The Ministry of Health (MOH) has completed its review of the National University Hospital’s (NUH) investigation into the case involving a pregnant patient alleged to have been left unattended for two hours at its Emergency Department (ED). MOH is satisfied that NUH has identified the gaps in processes and communication that had contributed to the incident and implemented the recommended corrective actions. MOH has also shared the findings and lessons learnt with all public hospitals.
2. Following the incident on 15 March 2022, NUH conducted a thorough investigation of the incident, which included reviewing video footage and interviewing all staff involved. The investigation was carried out by a team of NUH senior doctors and nurses from the Emergency Department, Obstetrics & Gynaecology (O&G) Department, and the Clinical Governance-Medical Affairs team.
3. While NUH’s overall assessment is that the processes and communications did not contribute to the miscarriage, there were gaps that needed to be improved. Specifically, NUH had instituted a rapid access protocol for pregnant patients with signs of labour, after triage at the ED, to be transferred directly to the Delivery Suite to be assessed by the O&G doctor, rather than being seen by the ED doctor first before deciding for transfer. However, in this case, due to the unusually high numbers of patients at the ED that night, and the Delivery Suite being full, the process of immediate transfer to the Delivery Suite had broken down, resulting in the patient not being seen in a timely manner.

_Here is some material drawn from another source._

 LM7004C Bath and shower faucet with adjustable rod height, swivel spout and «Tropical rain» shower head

4. Learning from this incident, and to address the identified gaps, NUH has implemented the following measures to strengthen care in the following areas and to prevent similar incidents from happening again:
a) Patients who are pending transfer to the Delivery Suite will be triaged by the ED nurse and reviewed by the ED Doctor who will communicate with the O&G Doctor as clinically indicated;
b) Based on clinical assessment, if indicated, pregnant patients may be evaluated using ultrasound at the ED;
c) A standardised obstetric assessment score will be used in the ED to triage pregnant patients; and
d) Following review by the O&G doctor, foetal heart monitoring will be done at the ED while waiting for a bed in the Delivery Suite.

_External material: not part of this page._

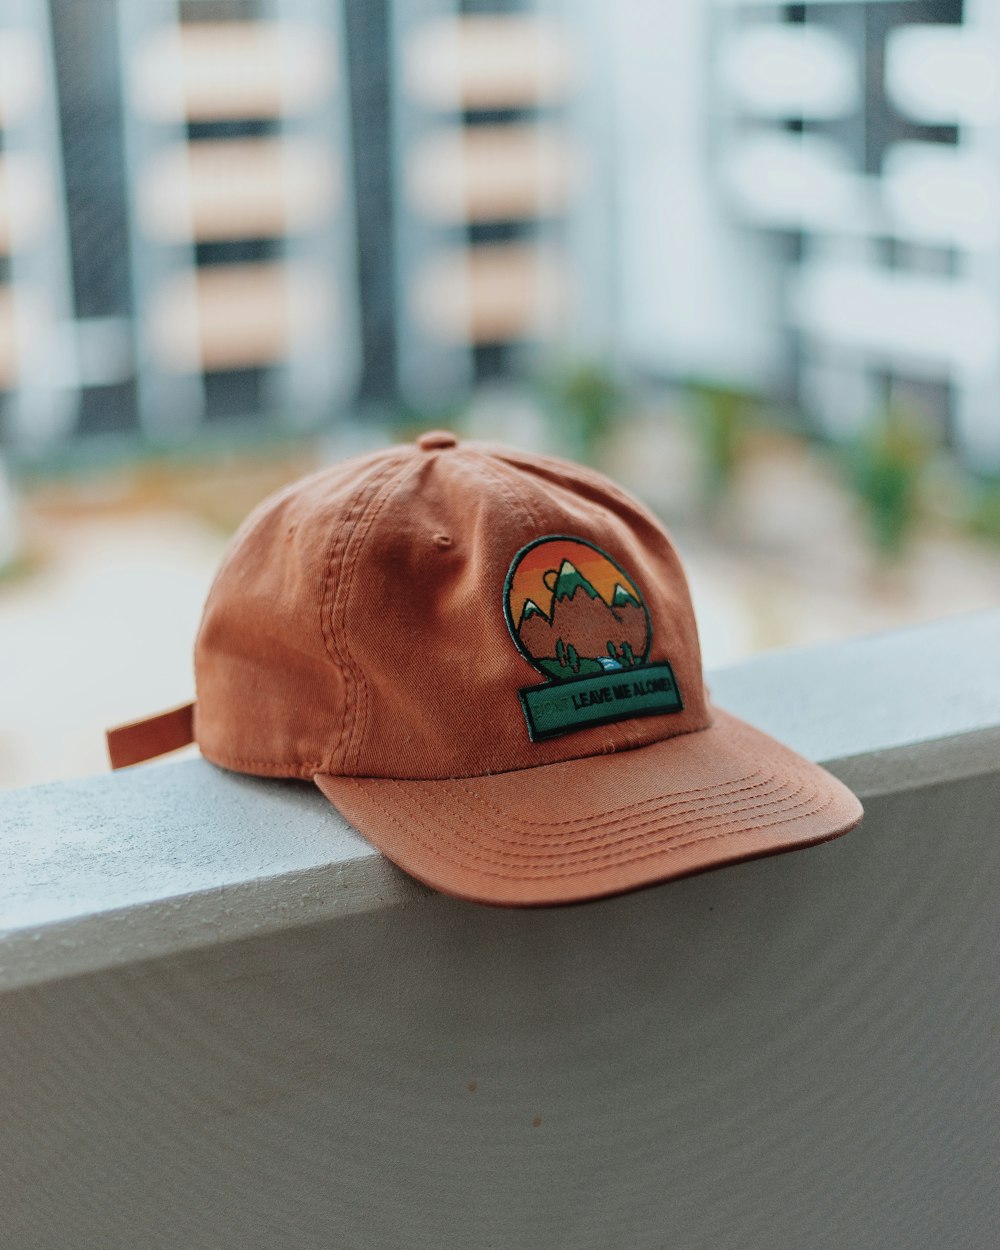 orange and green mountain embroidered cap on pavement

5. MOH has reviewed the investigation report submitted by NUH, and is satisfied with NUH’s findings, and the corrective actions are also appropriate to address the gaps identified.

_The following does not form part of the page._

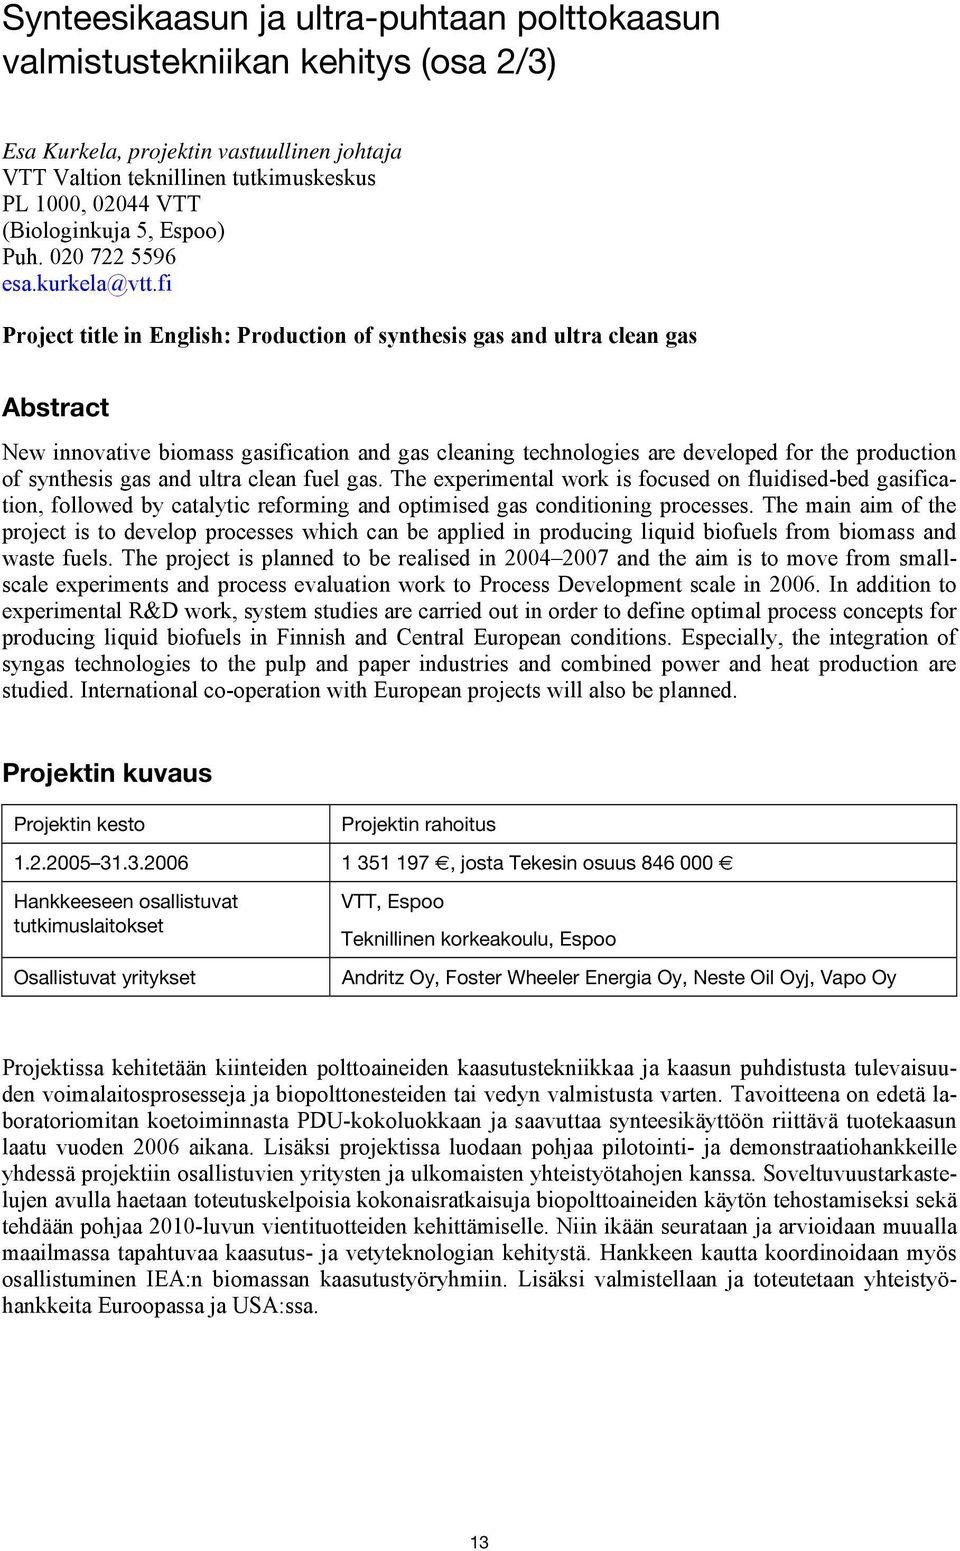 fi Project title in English: Production of synthesis gas and ultra clean gas Abstract New innovative biomass gasification and gas cleaning technologies are developed for the production of synthesis

6. MOH notes that NUH has held several meetings with the patient and her husband to provide clarification on the facts of the incident. The couple has since accepted NUH’s clarifications and acknowledged that the miscarriage may not have occurred at the hospital. NUH has also assured them that the hospital is improving its processes to prevent future occurrence of similar incidents.
7. MOH has shared NUH’s investigation findings with the senior management of all public hospitals. In addition, MOH has also reinforced to the public hospitals the clinical standards for the management of obstetric emergencies.